Ghana Allows Tullow to Increase Gas Flaring at Jubilee
Ghana has given Tullow Oil permission to increase the amount of gas it flares from the offshore Jubilee field, a spokesman said on Monday, a decision that will help the company meet its 2014 production target.
The British company can increase flaring to 500 million standard cubic feet (mmscf) per month until October and this will enable Tullow to achieve its 100,000 barrels per day (bpd) gross production target, said Tullow spokesman George Cazenove.
Tullow currently flares a limited amount of gas for safety and management reasons, he said.

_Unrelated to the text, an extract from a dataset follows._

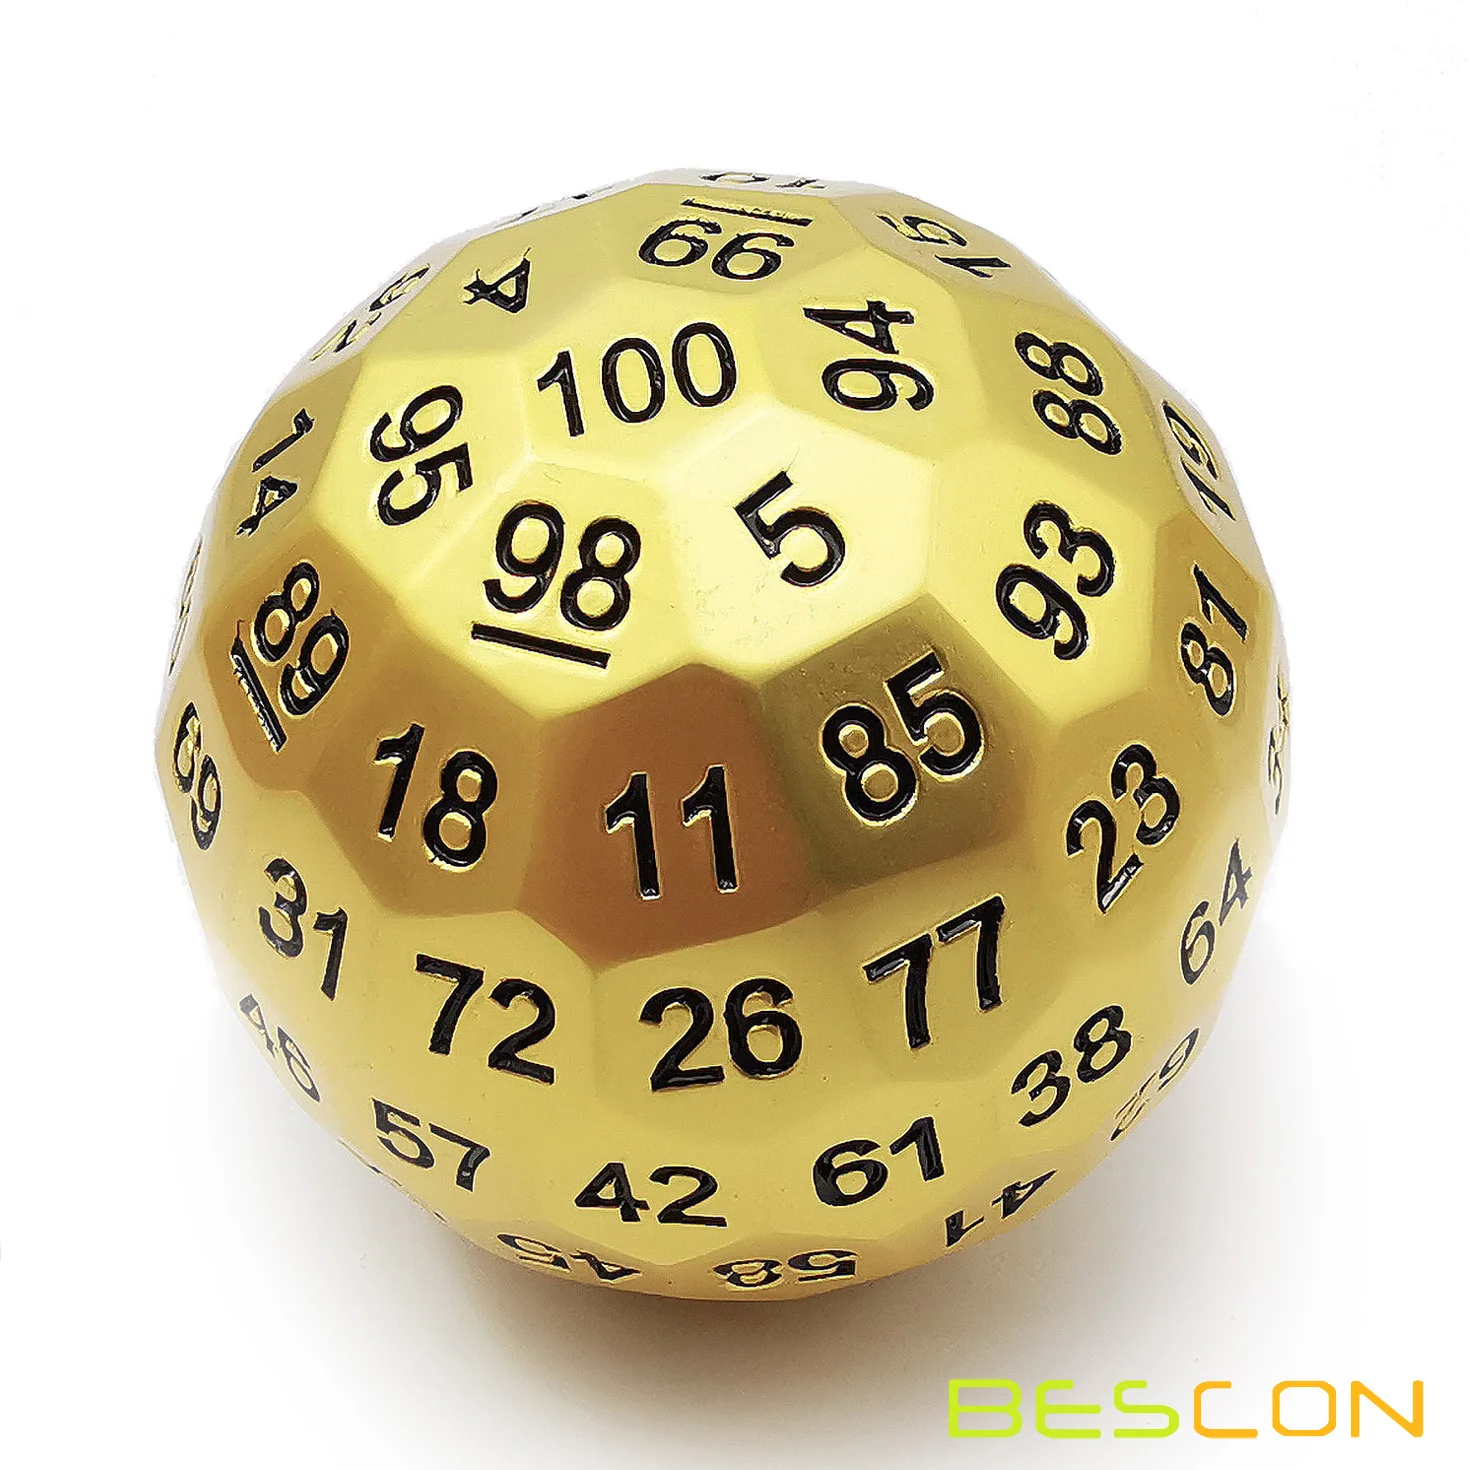 Bescon معدن صلب 100 جانب النرد ، لعبة النرد D100 ، عملاق متعدد السطوح المعادن 100 الجانبين النرد 50 مللي متر في القطر (1.97in) ، مات الذهبي

"We need to flare some gas in the short term because we do have a great deal of gas coming from the field, some of which we can reinject. It allows us to protect our production target for the year," Cazenove said by telephone.
He added that flaring would start pending further talks with government.
Ghana discovered oil at the Jubilee field in 2007 and began producing in 2010. A delay in completing a gas pipeline to bring gas onshore is one reason why production has held steady at a lower level than the government initially expected.
The country set a target of 120,000 bpd in 2014 as against an average of 102,503 bpd for the first nine months of 2013, Finance Minister Seth Terkper said in November's annual budget.
Tullow holds a 35.5 percent stake in Jubilee. Other partners include Ghana National Petroleum Corporation, Sabre/PetroSA, Anadarko Petroleum Corp and Kosmos Energy.